Evolution

Pflanzen eroberten das Land früher

Erste Landpflanzen entstanden fast 100 Millionen Jahre früher als gedacht

Lebermoose, hier Moerckia flotoviana, gehören zu den ursprünglichsten Landpflanzen. Ihre Vorfahren könnten schon vor mehr als 500 Millionen Jahren das Land besiedelt haben. © Des Callaghan/ CC-by-sa 4.0

Meilenstein der Evolution: Die Pflanzen könnten die Landmassen der Urerde früher als gedacht besiedelt haben.

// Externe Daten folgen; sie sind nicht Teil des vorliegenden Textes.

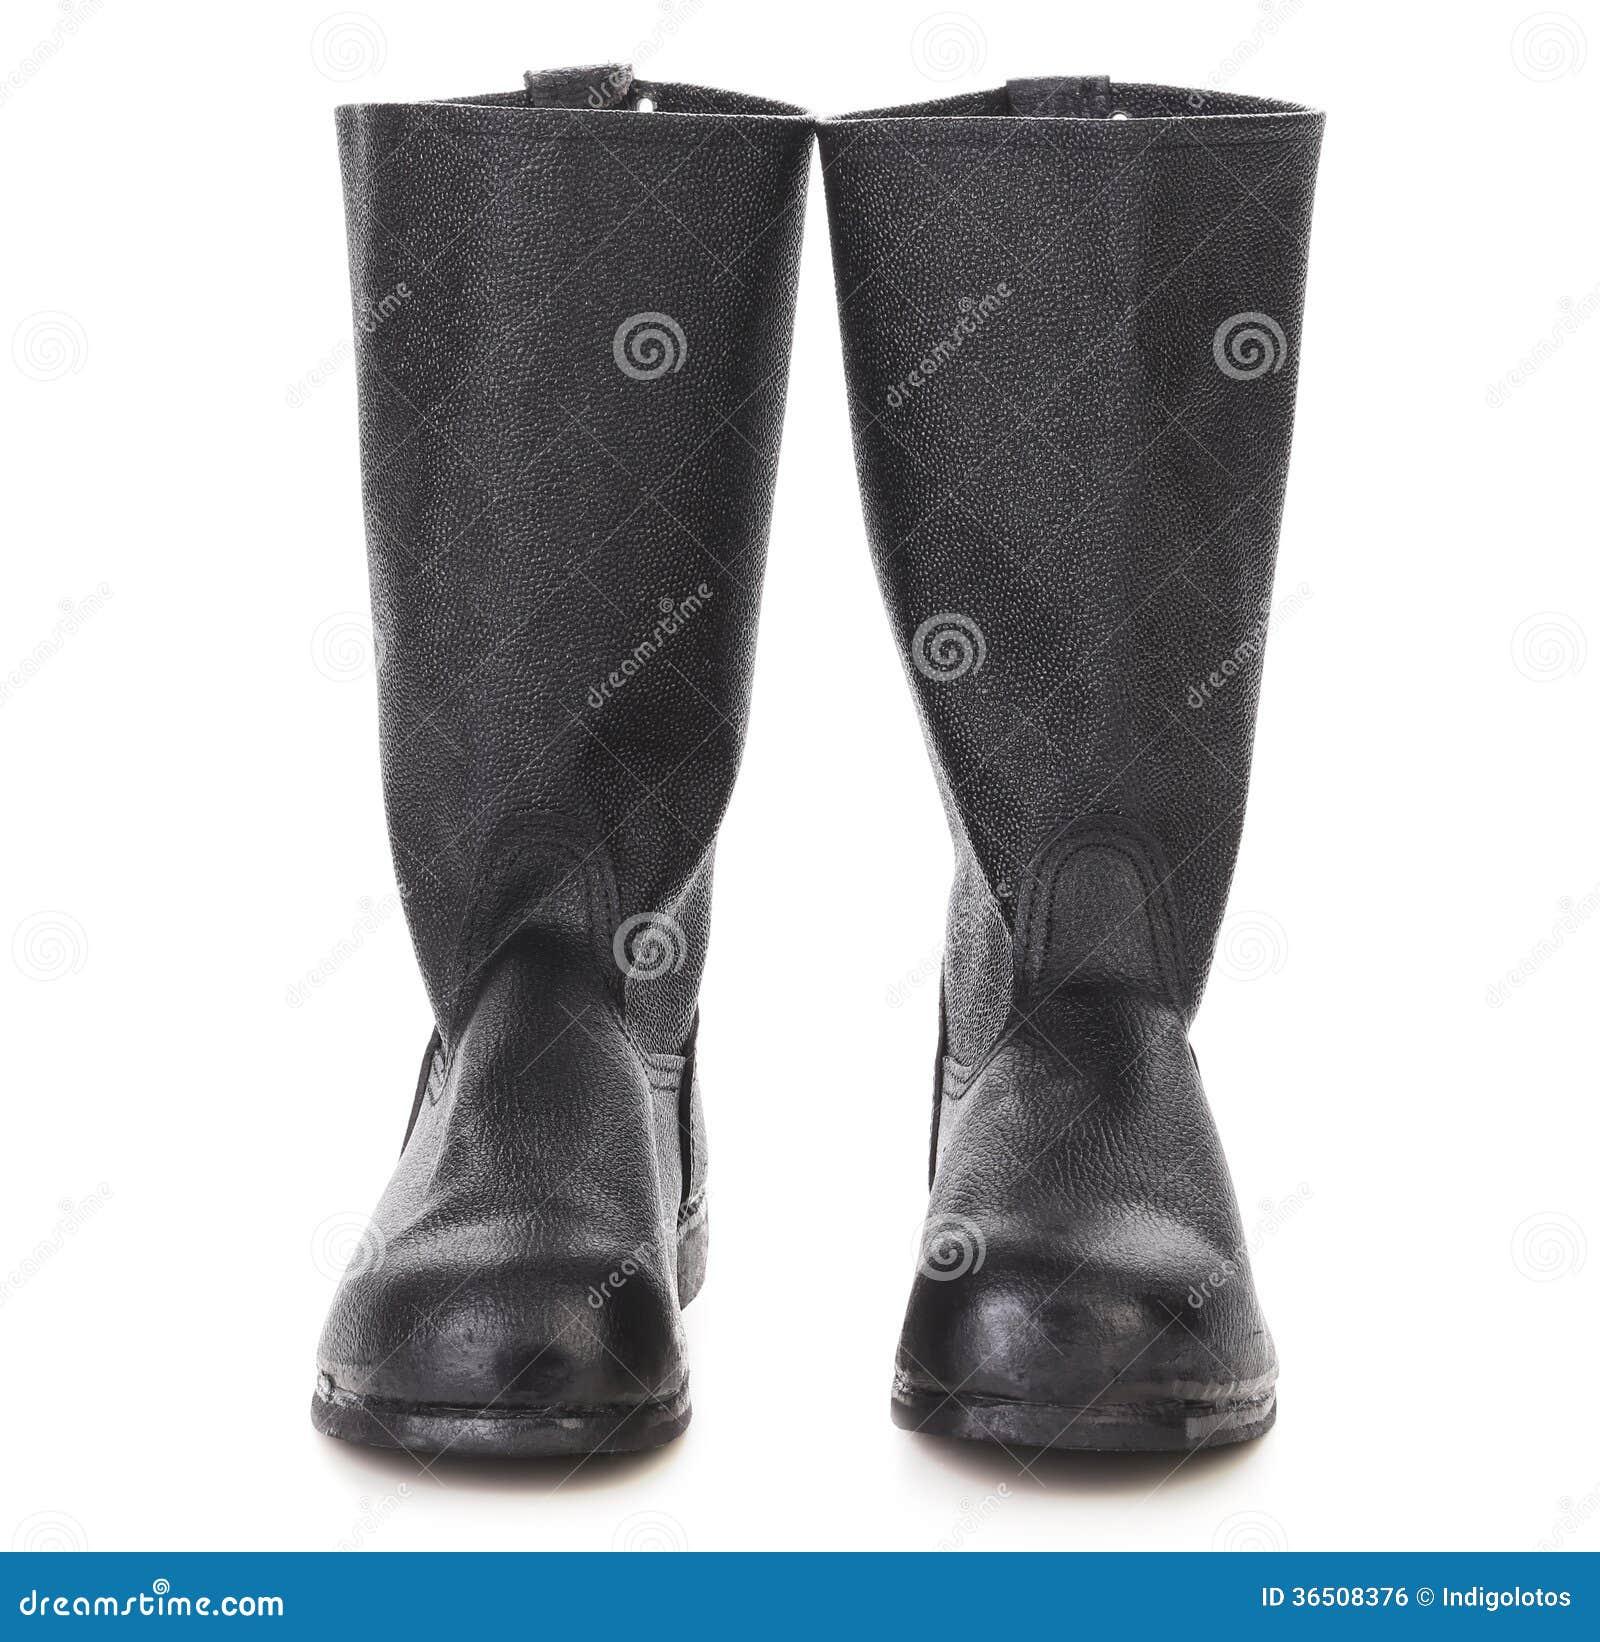 Couleur noire de hautes bottes.

Genanalysen deuten darauf hin, dass die ersten Landpflanzen schon vor rund 515 Millionen Jahren existiert haben könnten. Damit ereignete sich einer der folgenreichsten Schritte der Evolution fast 100 Millionen Jahre früher als bisher anhand von Fossilfunden angenommen, wie die Forscher berichten. Für Atmosphäre, Geochemie und Stoffkreisläufe der Erde hatte das entscheidende Auswirkungen.

Die Besiedlung des Landes durch die ersten Pflanzen war einer der folgenreichsten und wichtigsten Schritte der Evolution auf unserem Planeten. Denn mit der Entwicklung der Vegetation auf den zuvor noch kahlen Landmassen veränderten sich die geochemischen Kreisläufe, neue ökologische Nischen entstanden und in der Atmosphäre nahm der Sauerstoffgehalt zu und der Kohlendioxidgehalt ab.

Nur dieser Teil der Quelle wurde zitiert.